TASK BRIEF: Where an image appears, leave it out; otherwise repeat the data exactly.

DATA SHOWN:
###

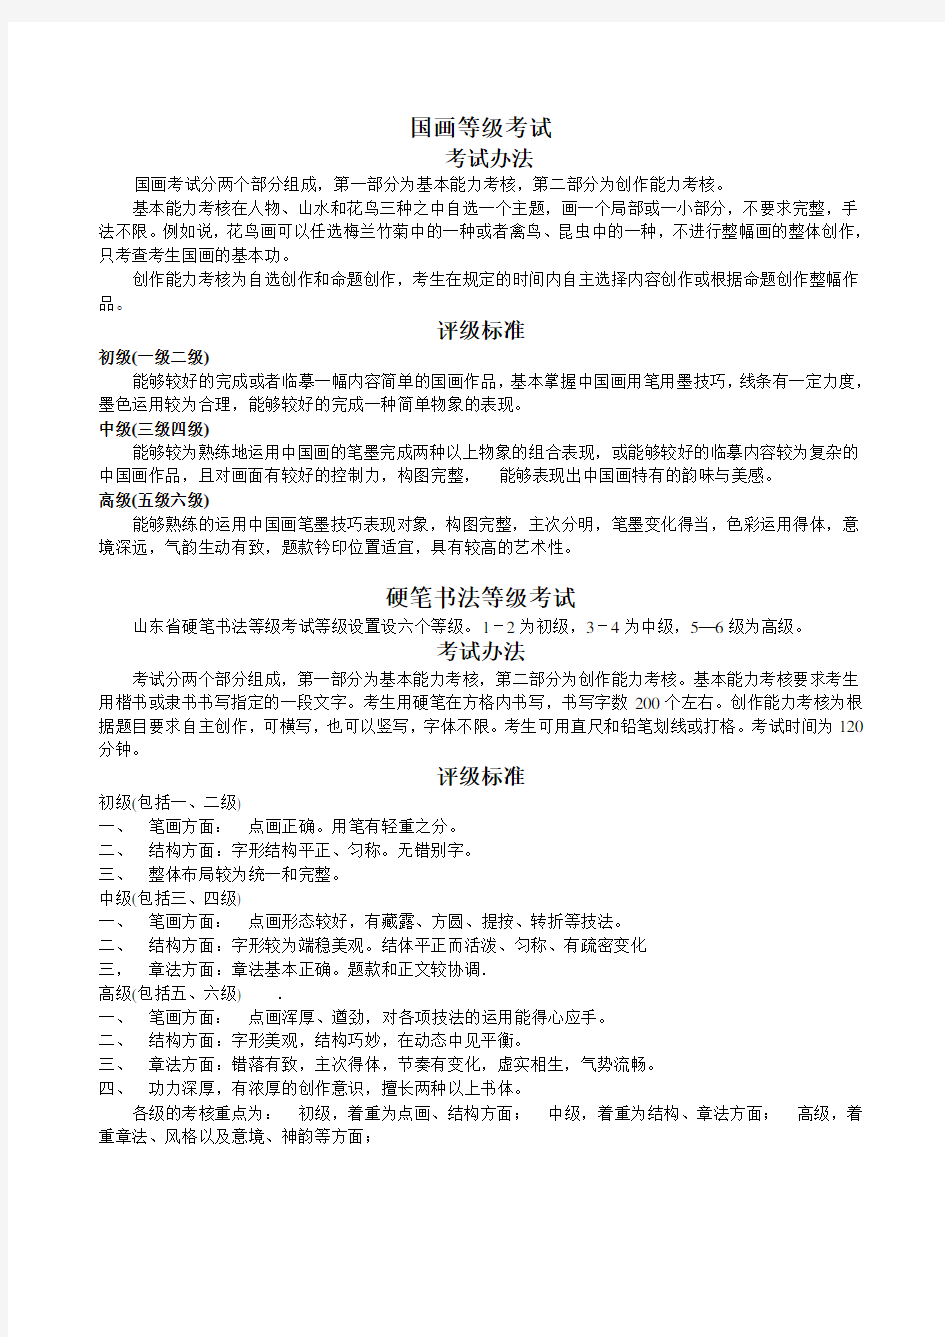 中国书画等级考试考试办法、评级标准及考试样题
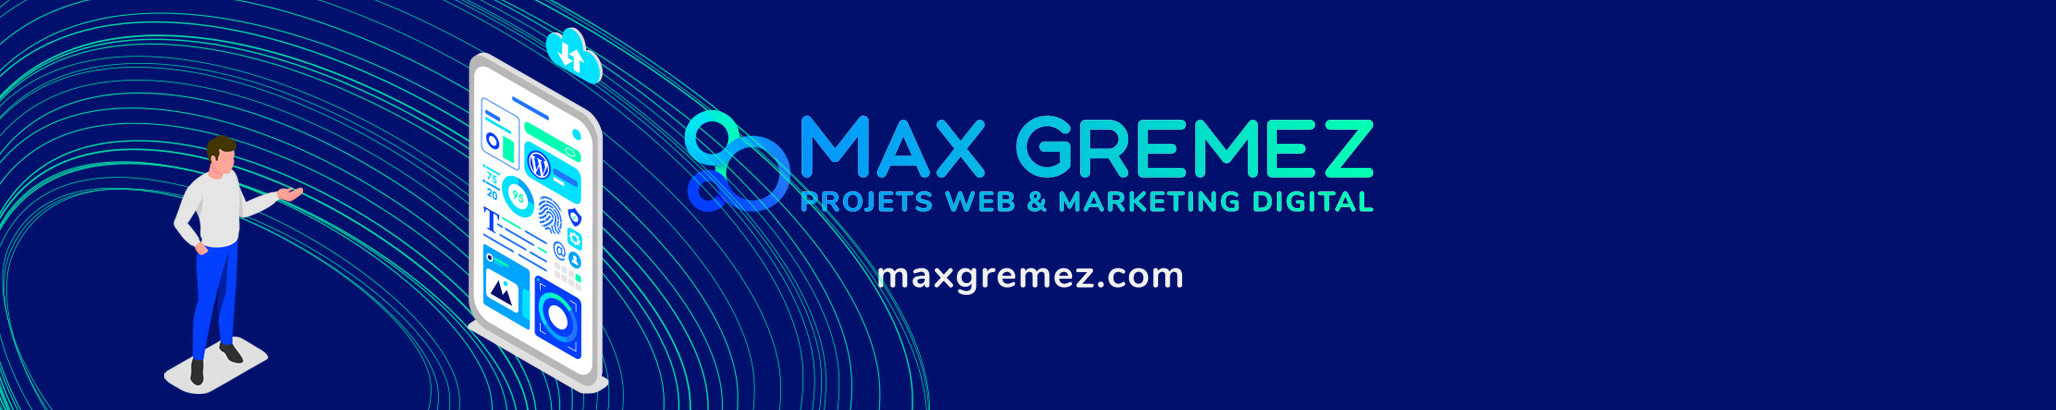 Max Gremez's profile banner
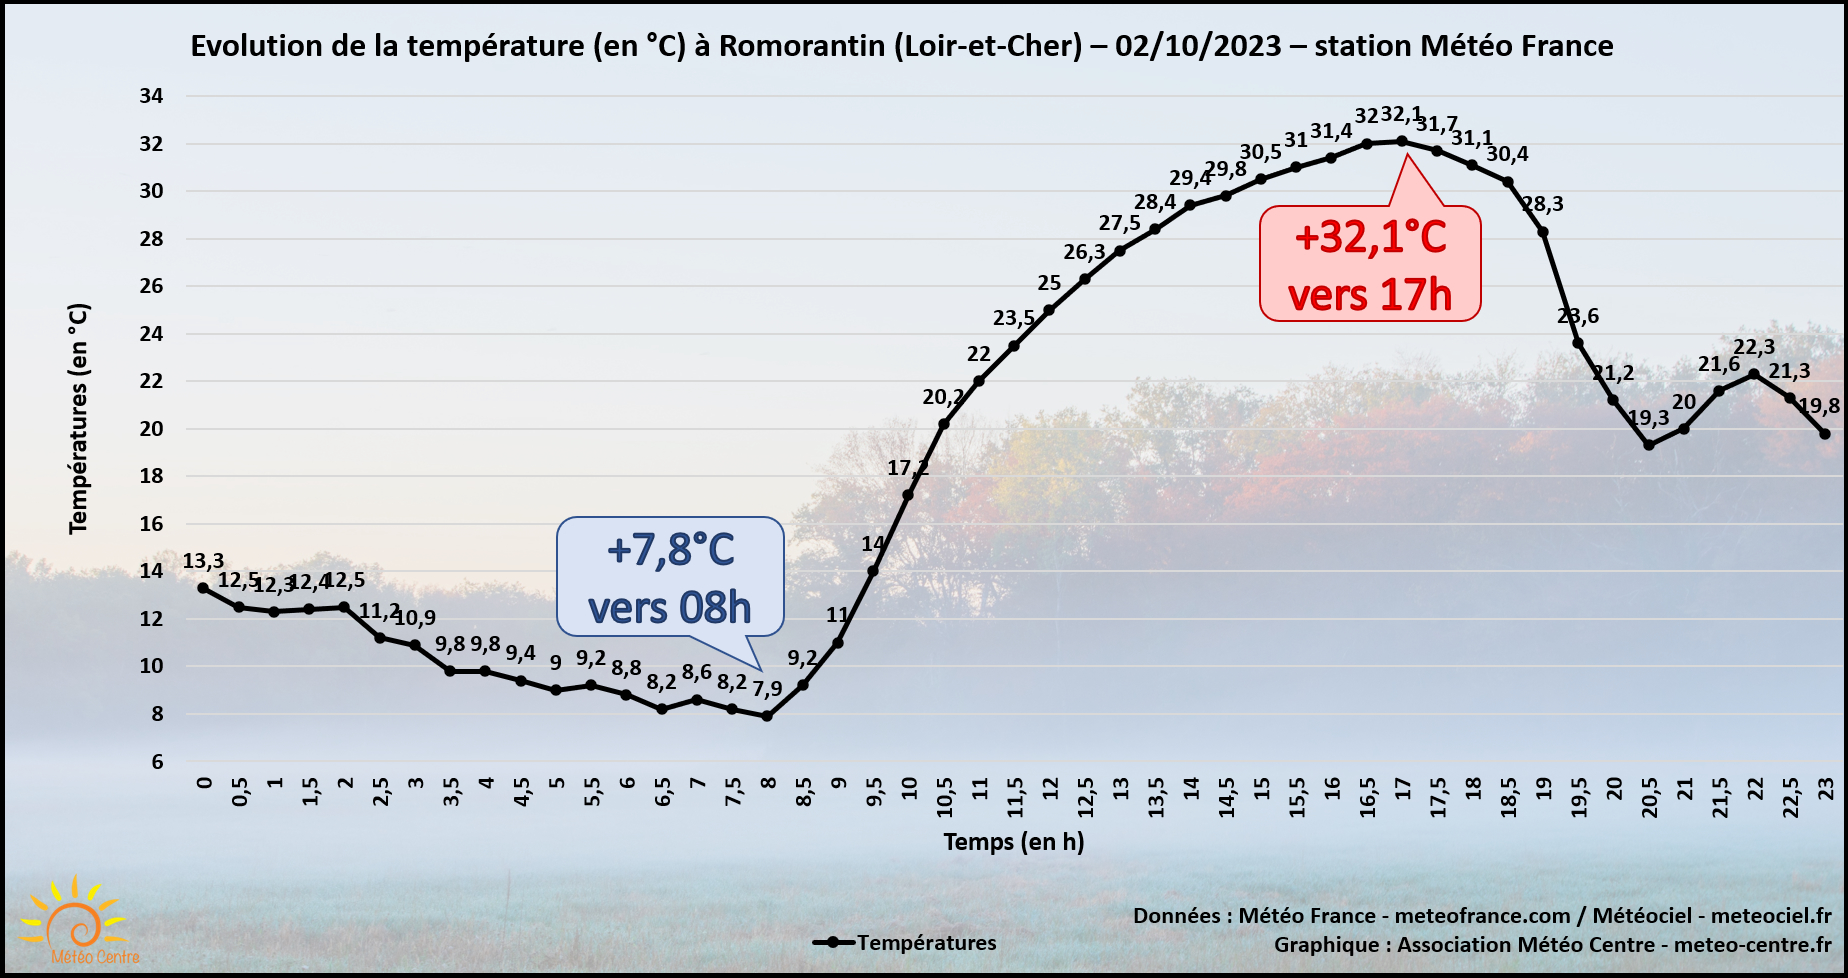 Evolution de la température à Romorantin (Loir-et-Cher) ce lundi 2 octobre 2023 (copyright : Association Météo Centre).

###

YOUR RESPONSE:
 中国书画等级考试考试办法、评级标准及考试样题
 Max Gremez's profile banner
 Evolution de la température à Romorantin (Loir-et-Cher) ce lundi 2 octobre 2023 (copyright : Association Météo Centre).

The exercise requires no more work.